Alors que les polémiques laissaient présager que la mesure entrerait en vigueur dès 2027, les thermostats connectés ne seront obligatoires qu’en 2030. Environ 27 millions de foyers restent à équiper.
Le gouvernement fait marche arrière. Les thermostats connectés ne seront finalement pas obligatoires pour 2027. «Pour laisser plus de souplesse aux ménages et aux professionnels», cette mesure est reportée à 2030.

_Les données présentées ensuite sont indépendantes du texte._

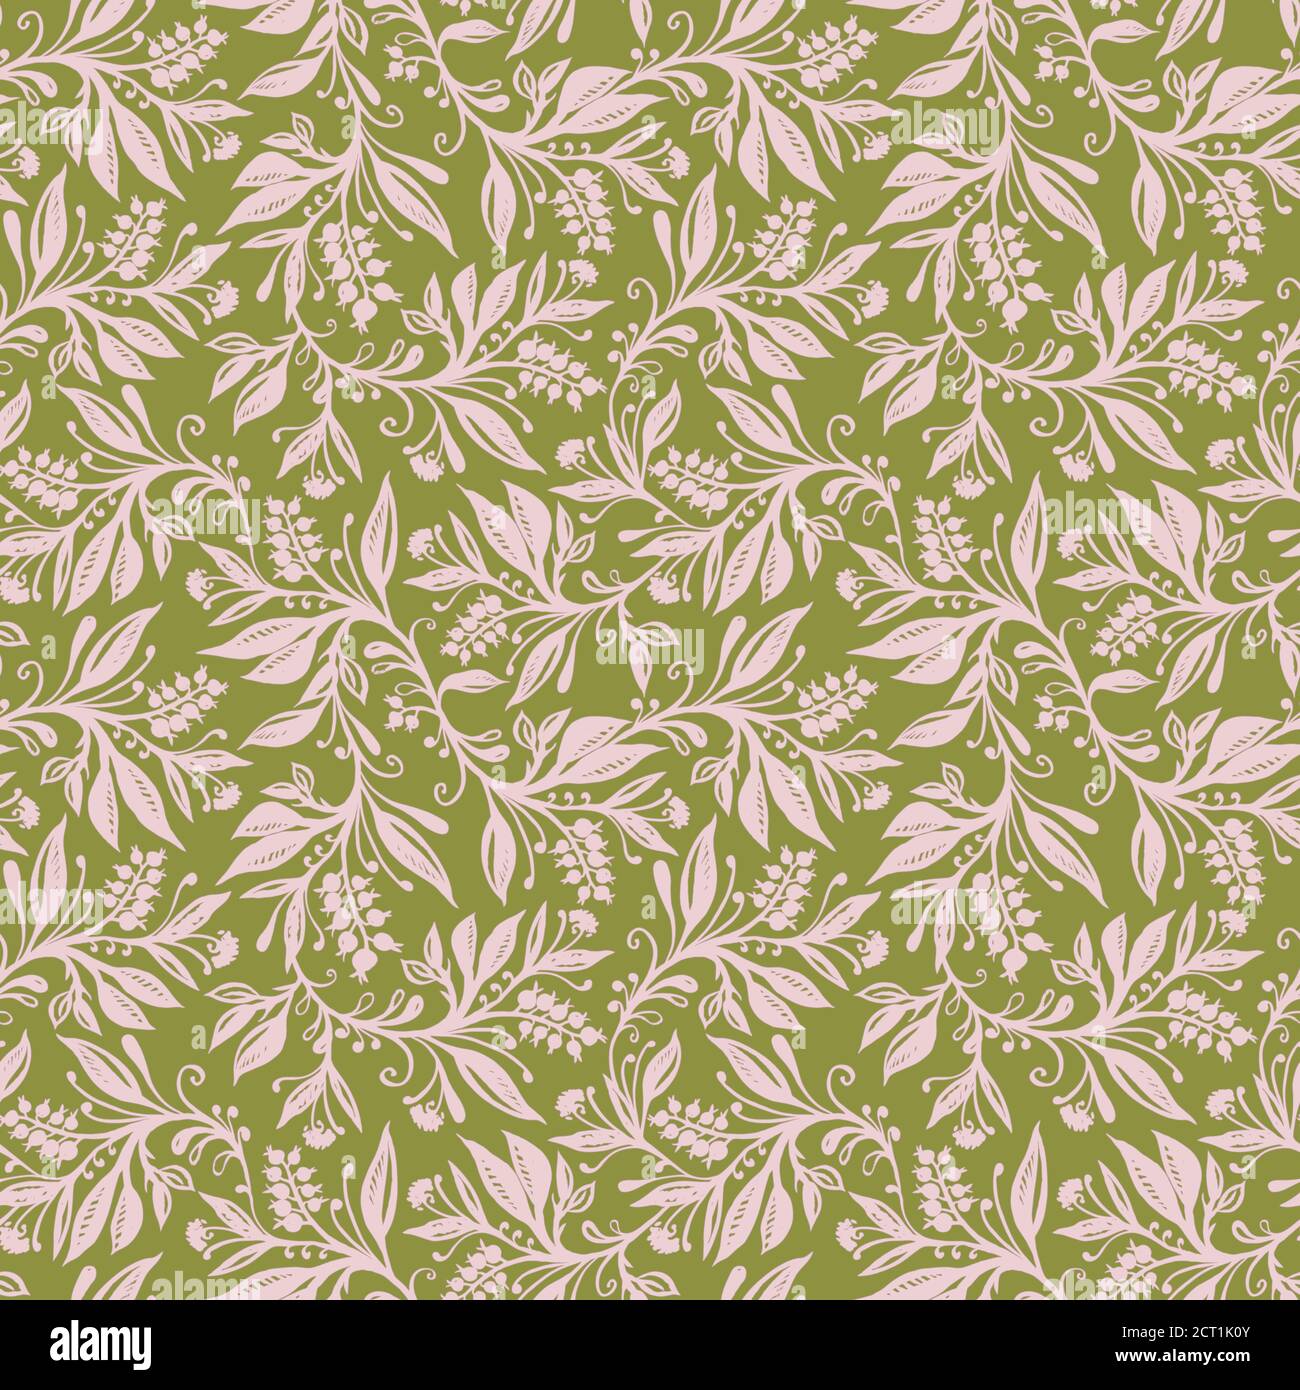 Floral seamless pattern with leaves and berries in chartreuse green ...

Selon Bercy, ce report est intervenu il y a près d’un mois, et non en réaction aux critiques de diverses associations et politiques. «Le gouvernement n’a pas attendu les cris d’orfraie de Marine Le Pen pour agir», a assuré sur le réseau social Bluesky Roland Lescure, évoquant une annonce du Premier ministre à ce sujet lors du congrès des maires. En effet, le 20 novembre dernier, en clôture du Congrès de l’Association des maires de France, le Premier ministre Sébastien Lecornu s’était exprimé sur le décret 2023-295 qui concerne les bâtiments tertiaires.
Jusqu’à 15% d’économies de chauffage
L’installation de thermostats programmables dans les bâtiments publics et privés, permettant un pilotage du chauffage pièce par pièce, figurait dans le plan sobriété lancé en 2022 en pleine crise énergétique. Ce matériel, dont environ 27 millions de foyers restent à équiper, permet jusqu’à 15% d’économies de chauffage, selon des données de l’Ademe publiées en 2022.
Pour installer un thermostat programmable, dont le prix varie de 60 à 250 euros, auxquels il faut ajouter un coût d’installation de 150 à 300 euros, les ménages peuvent toujours bénéficier d’une aide qui équivaut à 10-20 euros par radiateur. Tous les particuliers sont concernés par cette loi, mais c’est aux propriétaires de s’en occuper.
«Ce texte est une transposition stricte d’une directive européenne qui prévoit cette obligation. Ce décalage (de 2027 à 2030) vise à laisser plus de souplesse aux ménages et aux professionnels pour s’équiper», a expliqué Roland Lescure, toujours sur Bluesky, rappelant que ce dispositif «sert à mieux contrôler les dépenses de chauffage et donc améliorer le pouvoir d’achat et les prix de la facture des Français».